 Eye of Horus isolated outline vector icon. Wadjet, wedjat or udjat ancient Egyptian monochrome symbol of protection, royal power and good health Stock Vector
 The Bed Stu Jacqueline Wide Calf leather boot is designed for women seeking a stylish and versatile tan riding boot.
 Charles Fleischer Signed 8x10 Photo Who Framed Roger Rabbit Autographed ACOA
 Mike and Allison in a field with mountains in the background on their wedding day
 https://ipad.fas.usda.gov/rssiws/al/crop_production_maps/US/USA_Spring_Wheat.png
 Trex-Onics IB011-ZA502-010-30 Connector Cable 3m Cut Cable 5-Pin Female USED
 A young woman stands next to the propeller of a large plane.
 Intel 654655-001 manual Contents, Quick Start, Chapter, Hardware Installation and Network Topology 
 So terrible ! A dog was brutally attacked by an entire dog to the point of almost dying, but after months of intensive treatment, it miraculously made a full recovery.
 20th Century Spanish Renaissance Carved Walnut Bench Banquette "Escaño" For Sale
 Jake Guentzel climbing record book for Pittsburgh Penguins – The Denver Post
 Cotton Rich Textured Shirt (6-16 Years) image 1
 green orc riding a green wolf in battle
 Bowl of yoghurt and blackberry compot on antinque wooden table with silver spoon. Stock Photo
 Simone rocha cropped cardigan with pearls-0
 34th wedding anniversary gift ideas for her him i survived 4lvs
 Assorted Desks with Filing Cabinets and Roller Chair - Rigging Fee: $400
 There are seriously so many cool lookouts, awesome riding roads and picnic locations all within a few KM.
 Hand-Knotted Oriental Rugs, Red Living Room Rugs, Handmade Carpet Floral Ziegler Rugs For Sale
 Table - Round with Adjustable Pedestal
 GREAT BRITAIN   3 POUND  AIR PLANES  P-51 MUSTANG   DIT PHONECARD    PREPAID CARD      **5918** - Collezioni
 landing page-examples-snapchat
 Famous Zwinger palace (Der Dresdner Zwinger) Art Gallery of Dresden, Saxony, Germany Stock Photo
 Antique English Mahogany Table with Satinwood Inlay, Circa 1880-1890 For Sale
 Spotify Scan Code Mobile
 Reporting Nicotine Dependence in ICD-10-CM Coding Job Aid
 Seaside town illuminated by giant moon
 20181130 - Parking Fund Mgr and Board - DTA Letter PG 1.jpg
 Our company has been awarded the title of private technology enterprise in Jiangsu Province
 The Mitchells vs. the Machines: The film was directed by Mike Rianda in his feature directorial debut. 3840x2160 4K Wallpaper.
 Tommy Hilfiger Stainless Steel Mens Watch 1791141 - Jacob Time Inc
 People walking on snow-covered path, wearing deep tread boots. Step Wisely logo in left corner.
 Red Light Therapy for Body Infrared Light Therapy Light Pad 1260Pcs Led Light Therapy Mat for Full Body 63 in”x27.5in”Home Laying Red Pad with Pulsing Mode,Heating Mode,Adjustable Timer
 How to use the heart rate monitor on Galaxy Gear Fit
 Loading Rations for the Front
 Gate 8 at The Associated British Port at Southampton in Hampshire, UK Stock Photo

******

Exercise prompt: Work out how many lines in the records contain the word "Adjustable", and give that number by itself.

Reply to the exercise: 2